Recall the formula for the radius $\rho$ of the inscribed circle in a triangle of sides $a$, $b$, $c$ in the spherical geometry (sphere of radius $R$)

$$\tan\frac{\rho}{R}= \sqrt{\frac{\sin\frac{s-a}{R}\cdot \sin\frac{s-b}{R}\cdot\sin\frac{s-c}{R}}{\sin\frac{s}{R} } }$$ (see Todhunter --Spherical Trigonometry)

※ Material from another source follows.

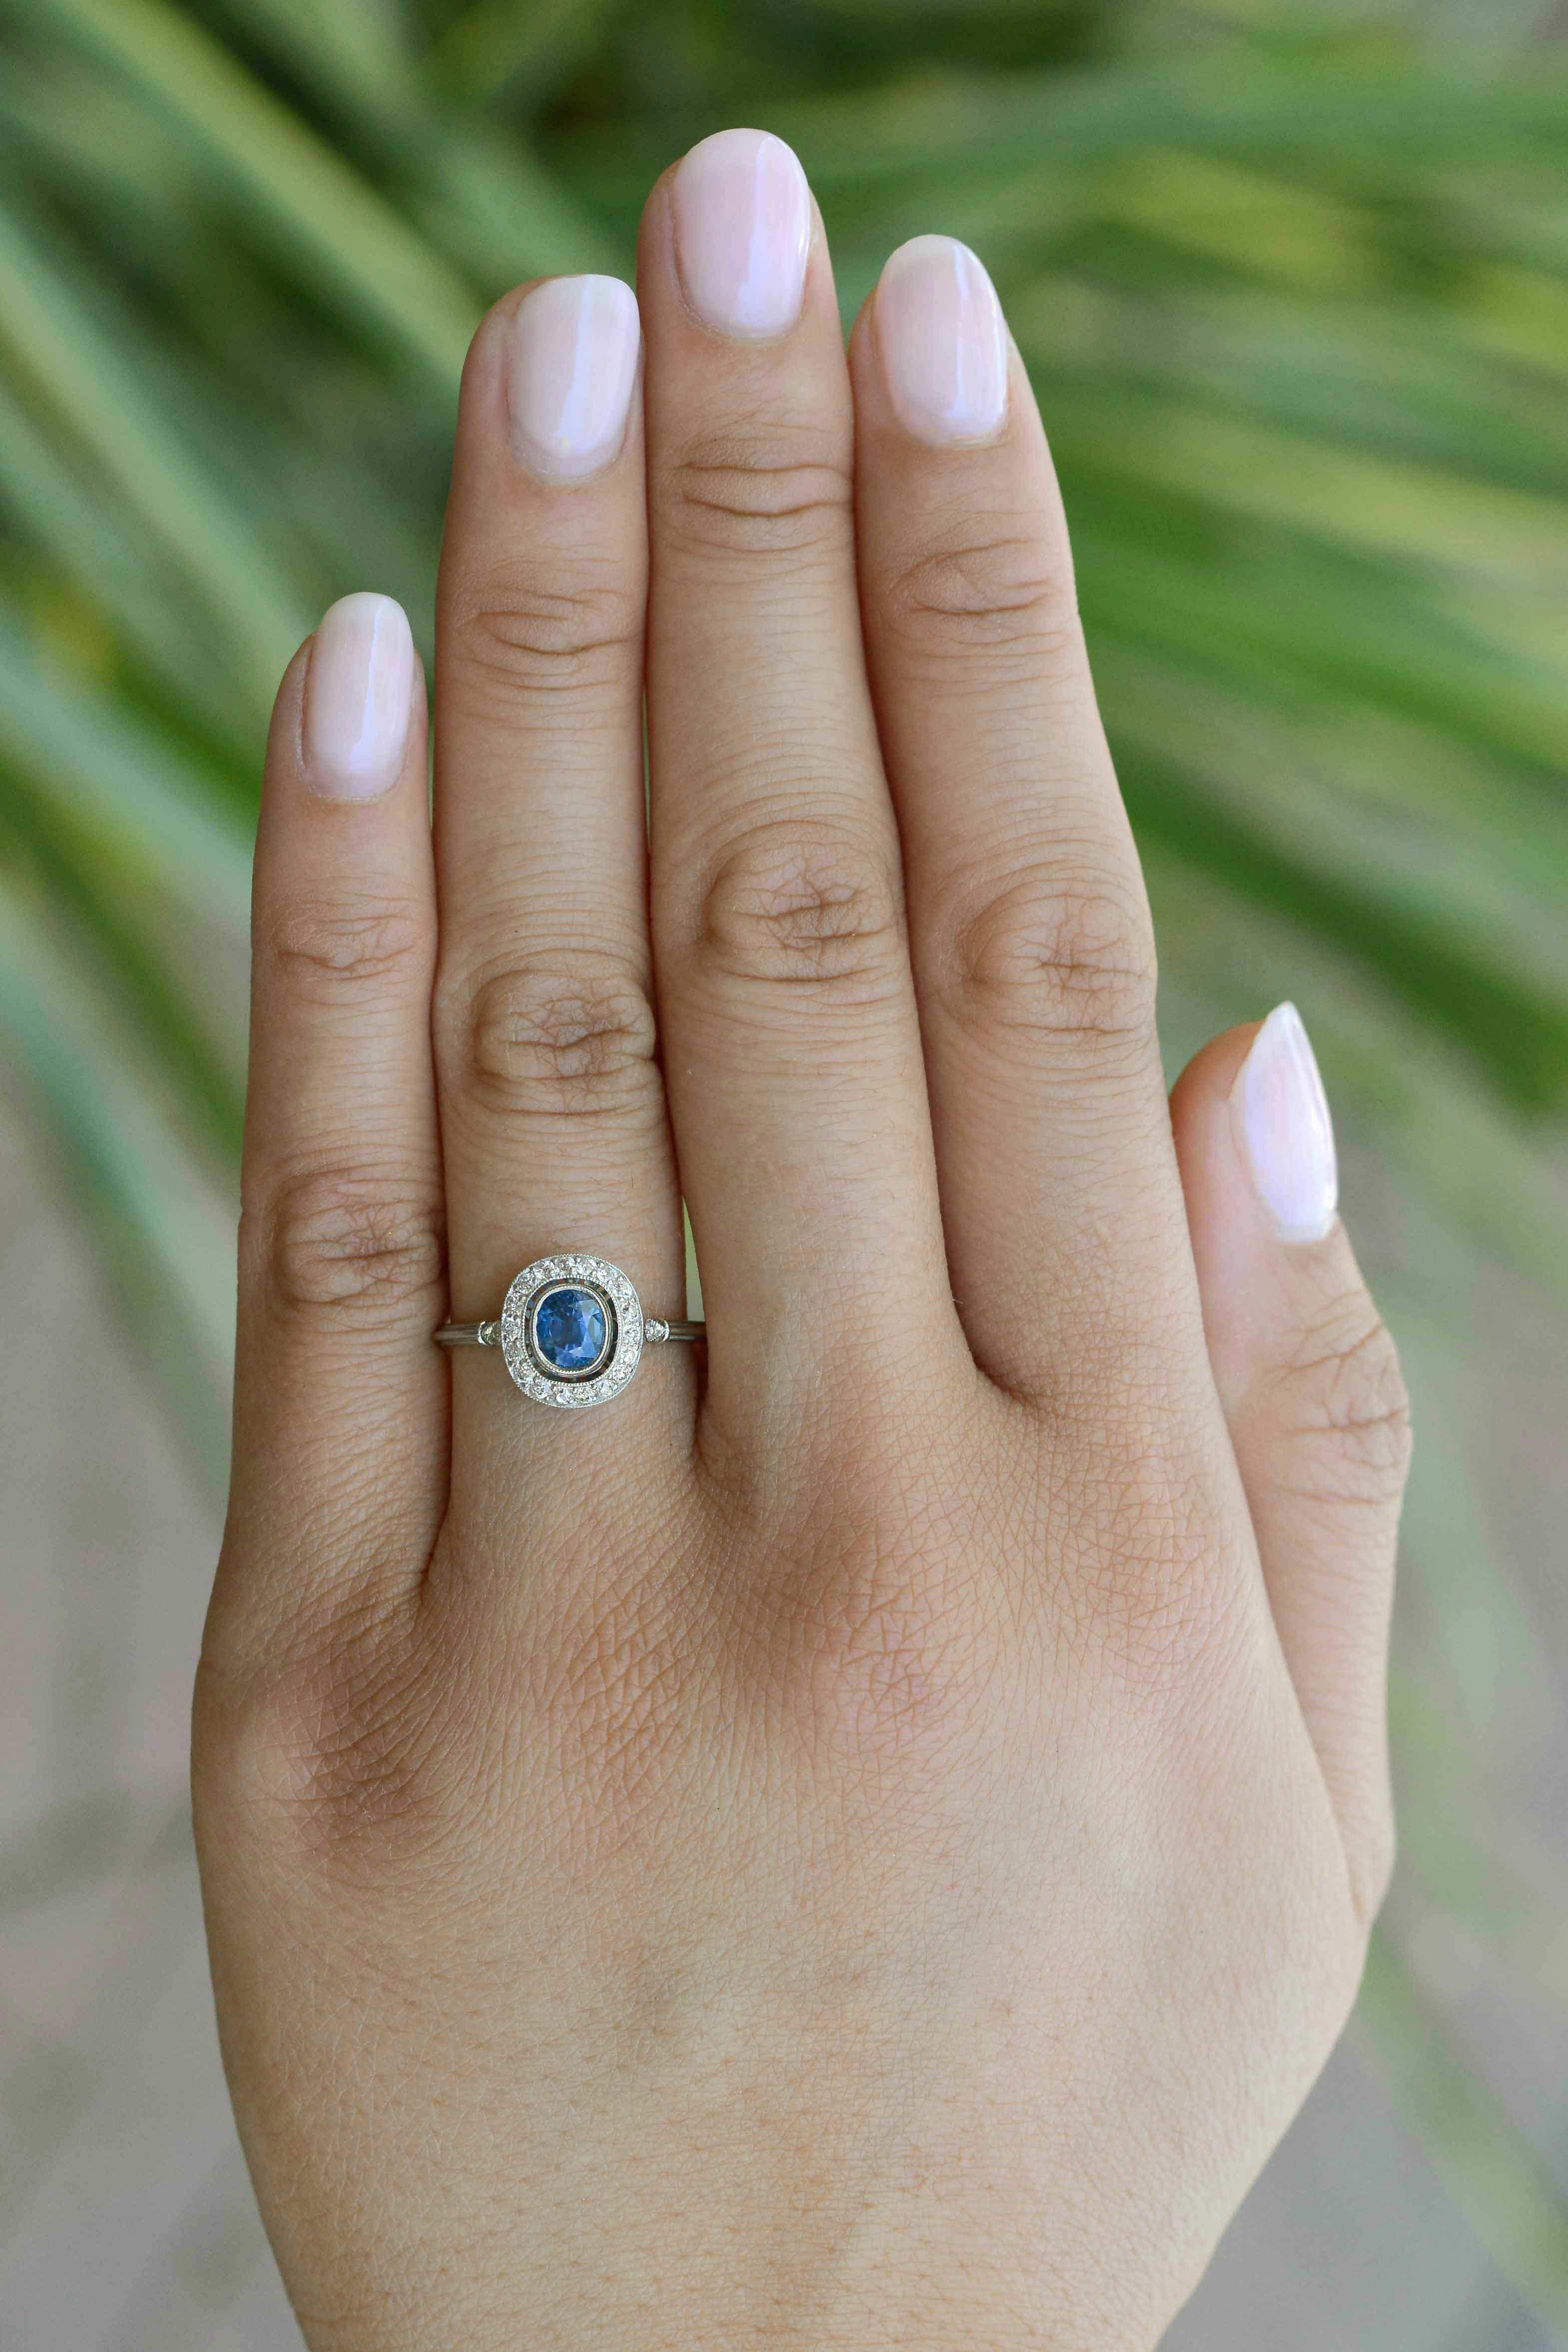 Sitting regally in a millegrain bezel, the velvety, navy blue sapphire commands attention with a twinkling surround of diamonds in a low setting of pure platinum in this quintessential Art Deco revival gemstone engagement ring. Sapphire symbolizes

To get the radius of the inscribed circle in the hyperbolic geometry ( curvature $= R^2 =-1$), put $R=i$ in the above formula. We get

$$\tanh \rho = \sqrt{\frac{\sinh(s-a)\cdot\sinh(s-b)\cdot\sinh(s-c)}{\sinh s}}$$

Now, the function $t \mapsto \log \sinh t$ is concave on $(0, \infty)$. Therefore, the right hand side in the above equality is $\le \sqrt{\frac{\sinh^3(\frac{s}{3})}{\sinh s}}$. This is a strictly increasing function of $s$ on $(0, \infty)$ with limit $\frac{1}{2}$ at infinity. Therefore we have $$\rho \le \tanh^{-1} \frac{1}{2}= \frac{1}{2}\log 3$$

We do have equality for the ideal triangles (sides $=\infty$).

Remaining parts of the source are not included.